━━━━━ Supplied material ━━━━━

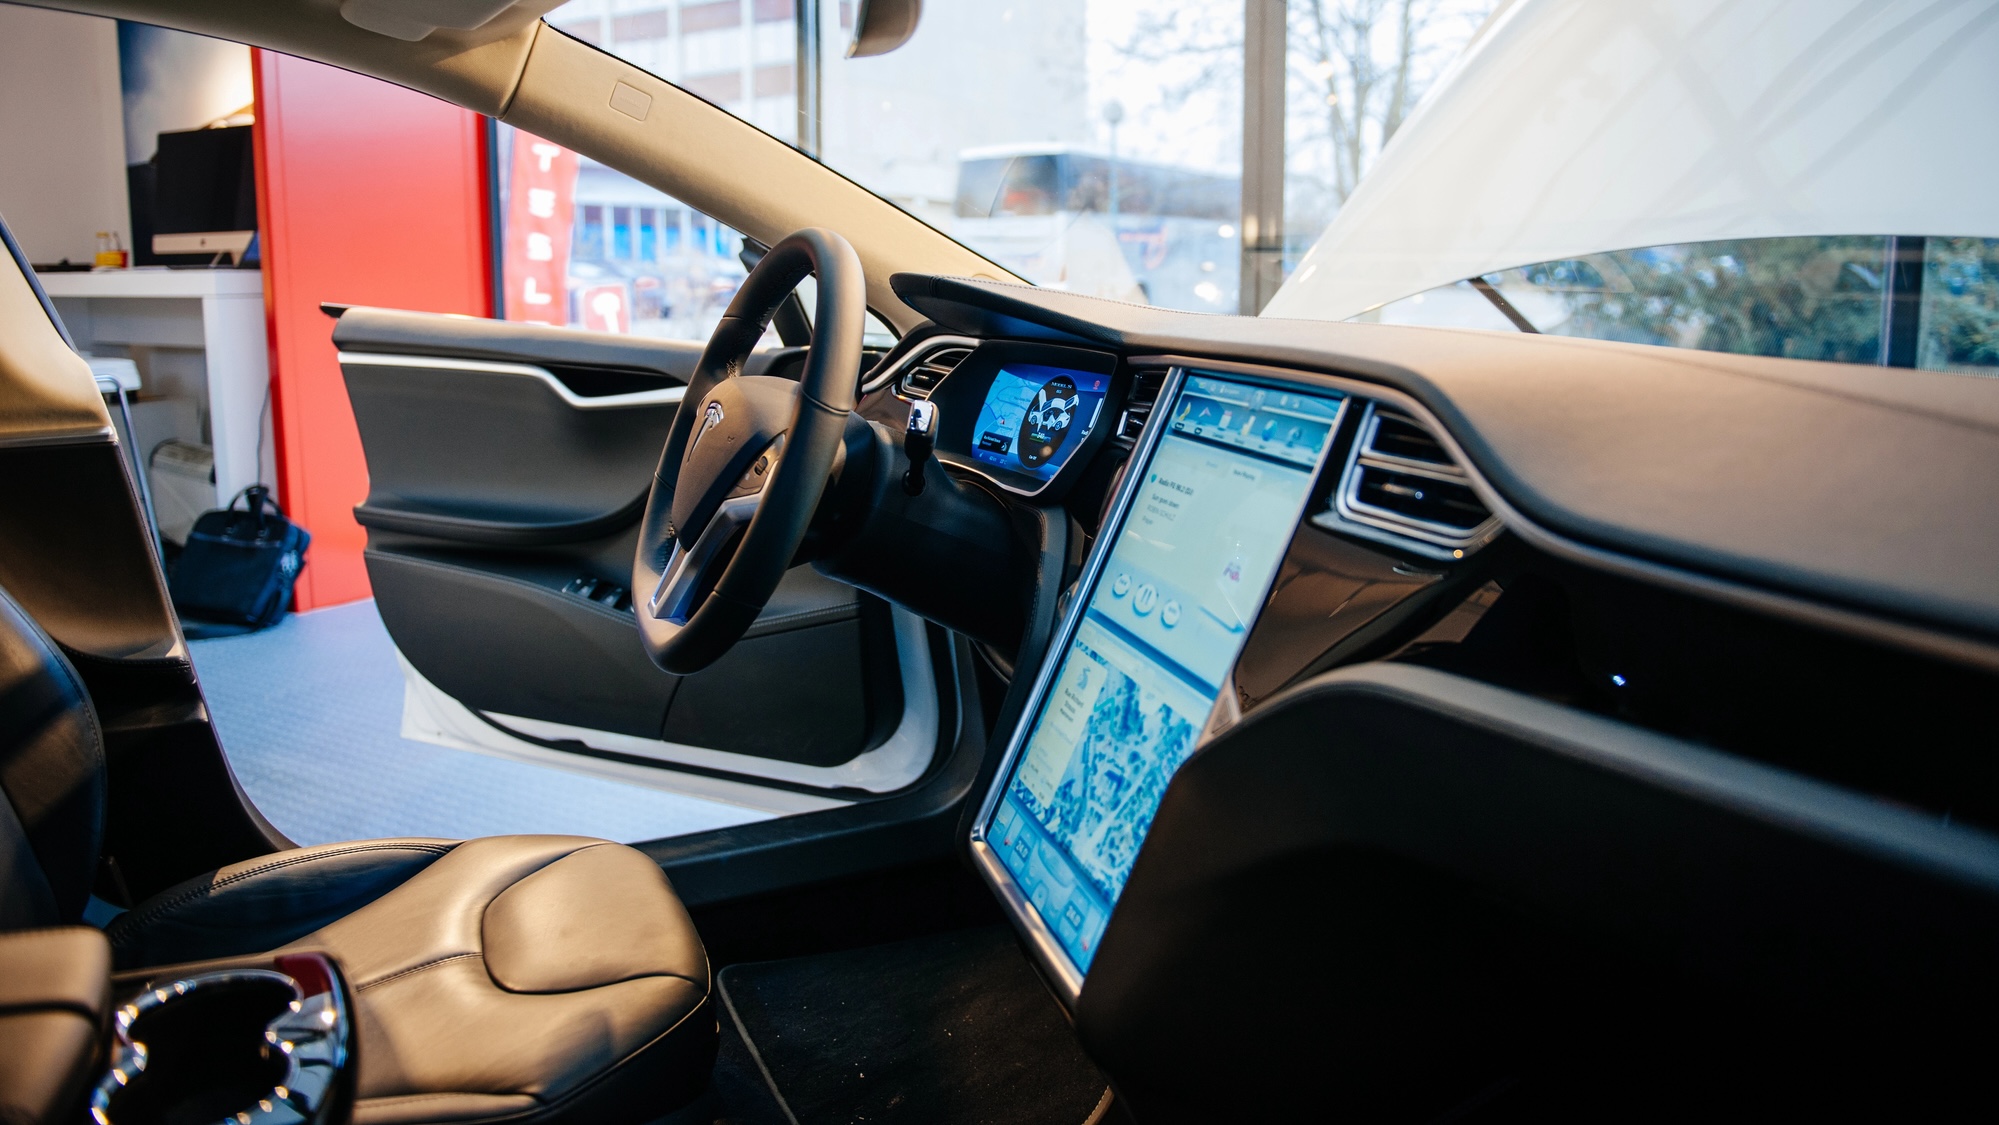 Tesla patents self-cleaning technology for its robotaxis that doesn't exist yet
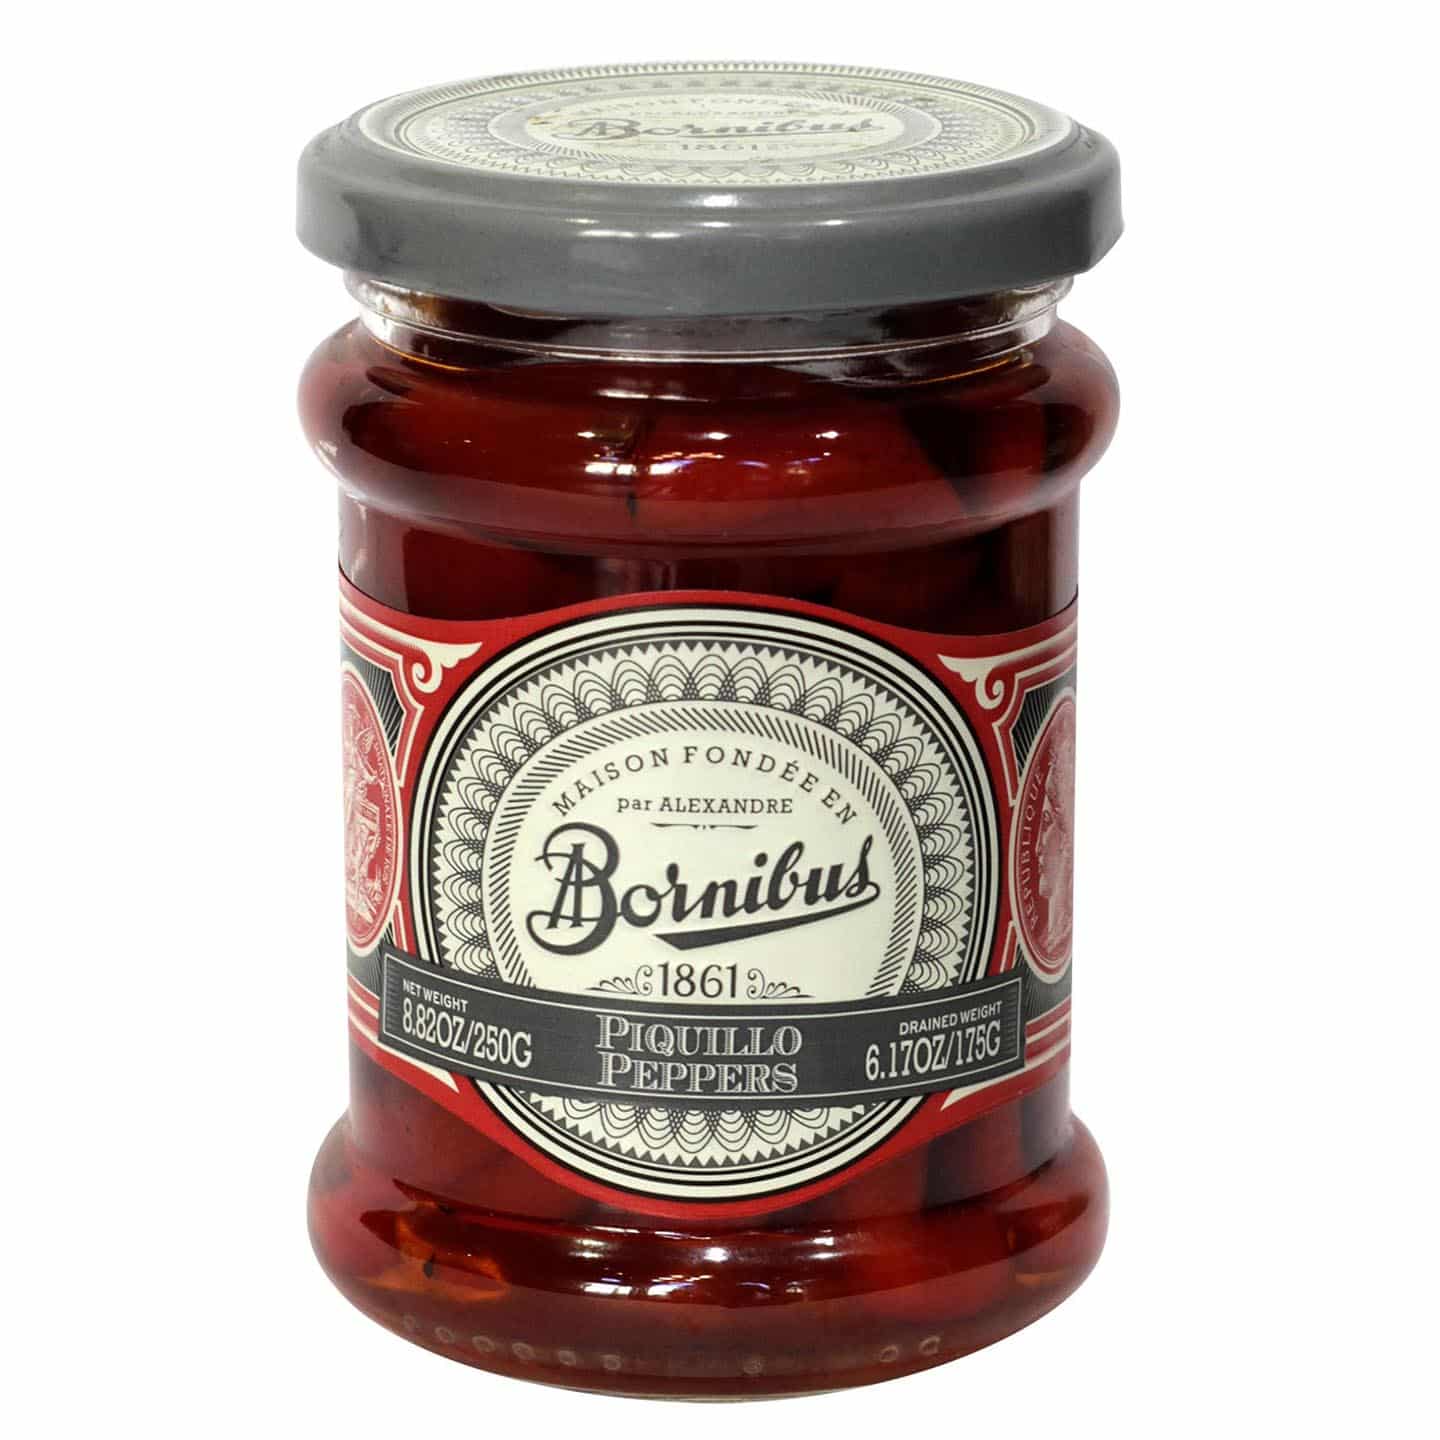 BS1609---Piquillo-peppers
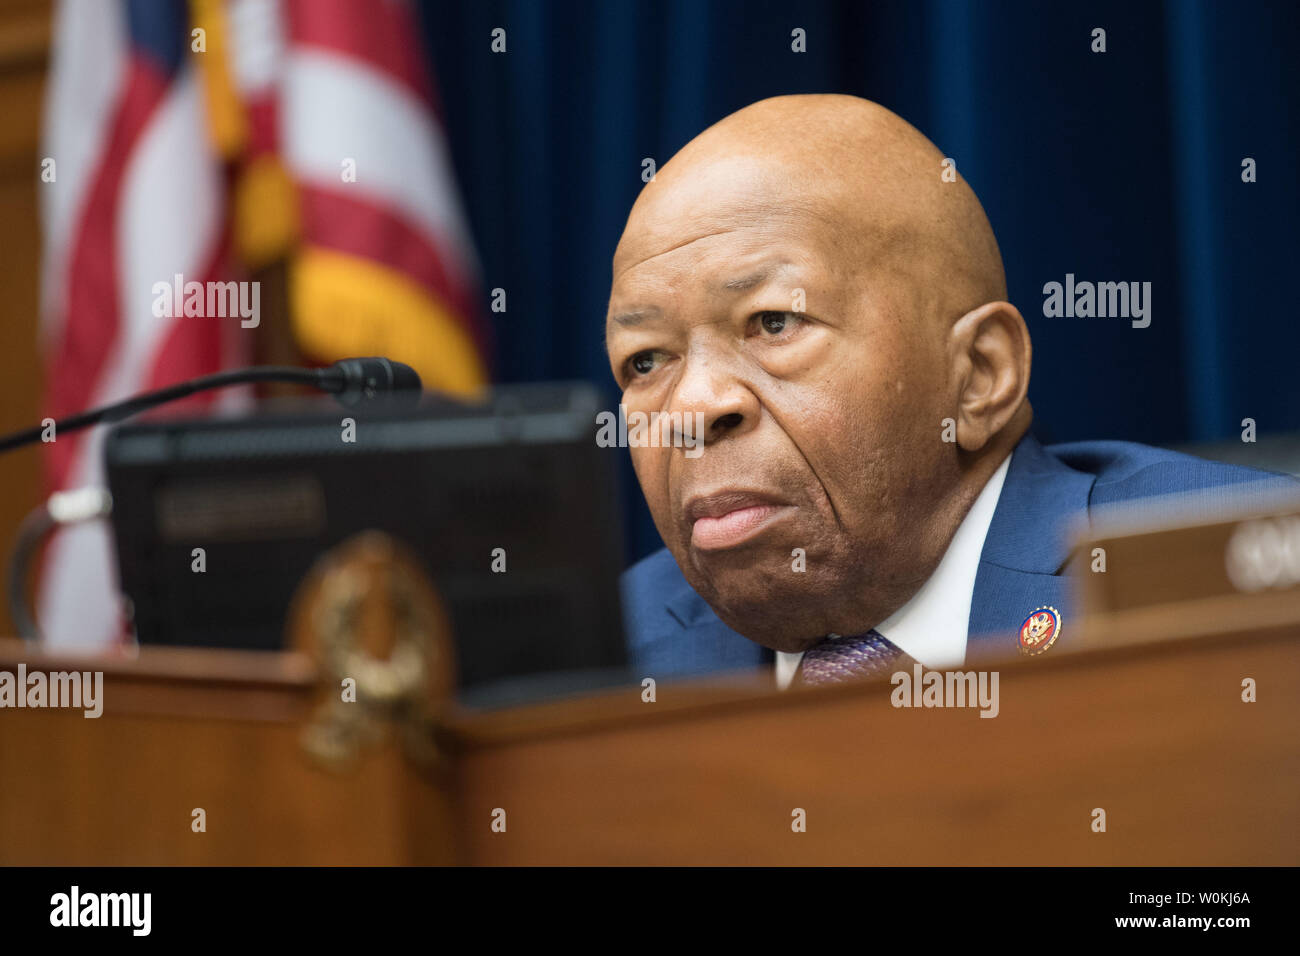 House Oversight and Government Reform Committee Chairman Elijah Cummings, D-MD, presides over a Committee hearing on facial recognition technology, on Capitol Hill in Washington, D.C. on June 4, 2019. Photo by Kevin Dietsch/UPI Stock Photo
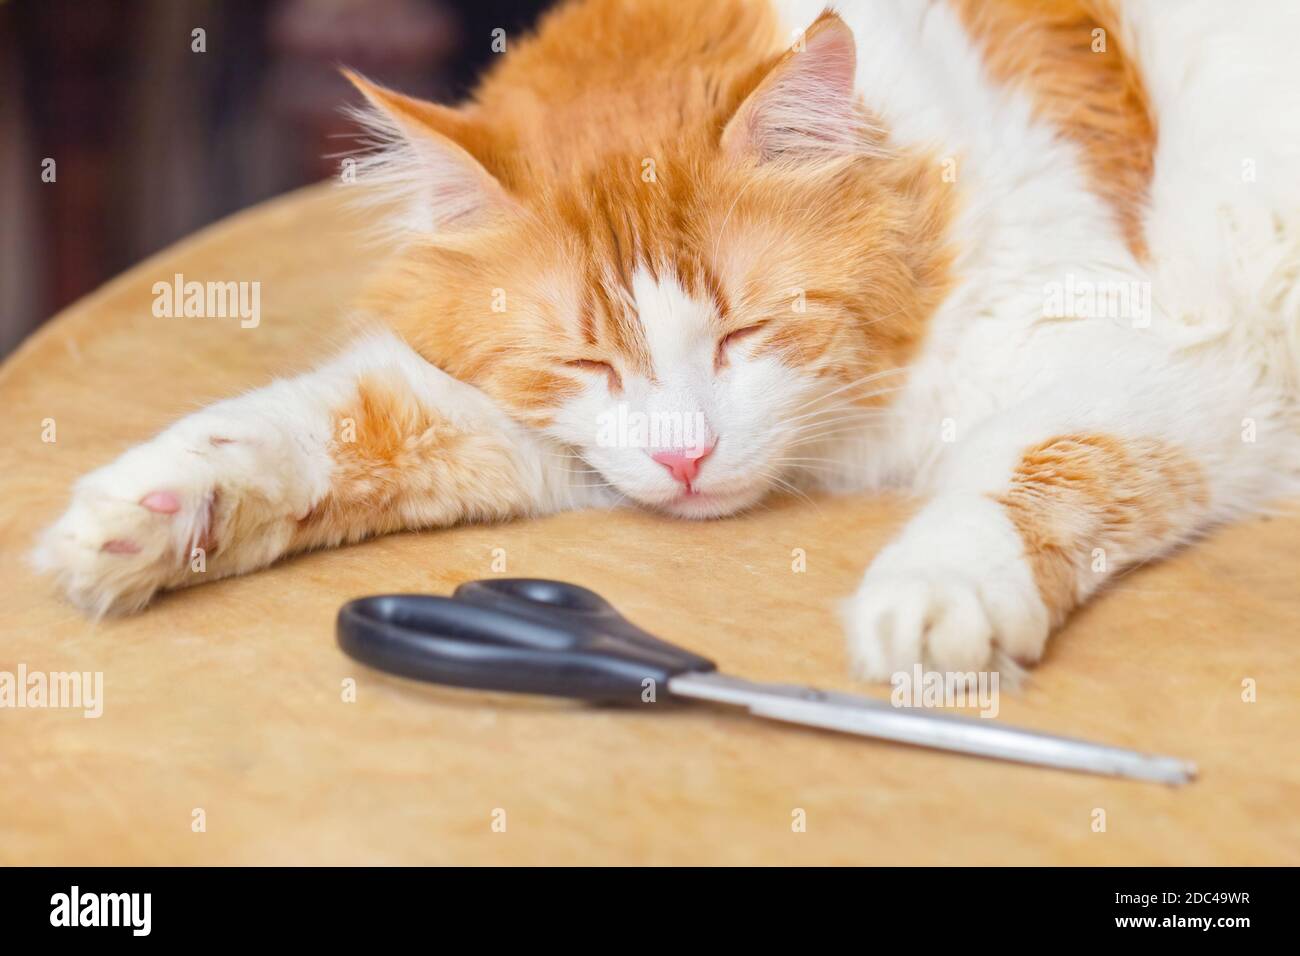 Black scissors and adult pretty red sleeping cat on table Stock Photo

━━━━━

_What you need to do_. Only the lines from the one containing "BS1609---Piquillo-peppers" through the last line of the data above, both included, belong in the reply, each restated exactly and without pictures.

_Output_.
 BS1609---Piquillo-peppers
 House Oversight and Government Reform Committee Chairman Elijah Cummings, D-MD, presides over a Committee hearing on facial recognition technology, on Capitol Hill in Washington, D.C. on June 4, 2019. Photo by Kevin Dietsch/UPI Stock Photo
 Black scissors and adult pretty red sleeping cat on table Stock Photo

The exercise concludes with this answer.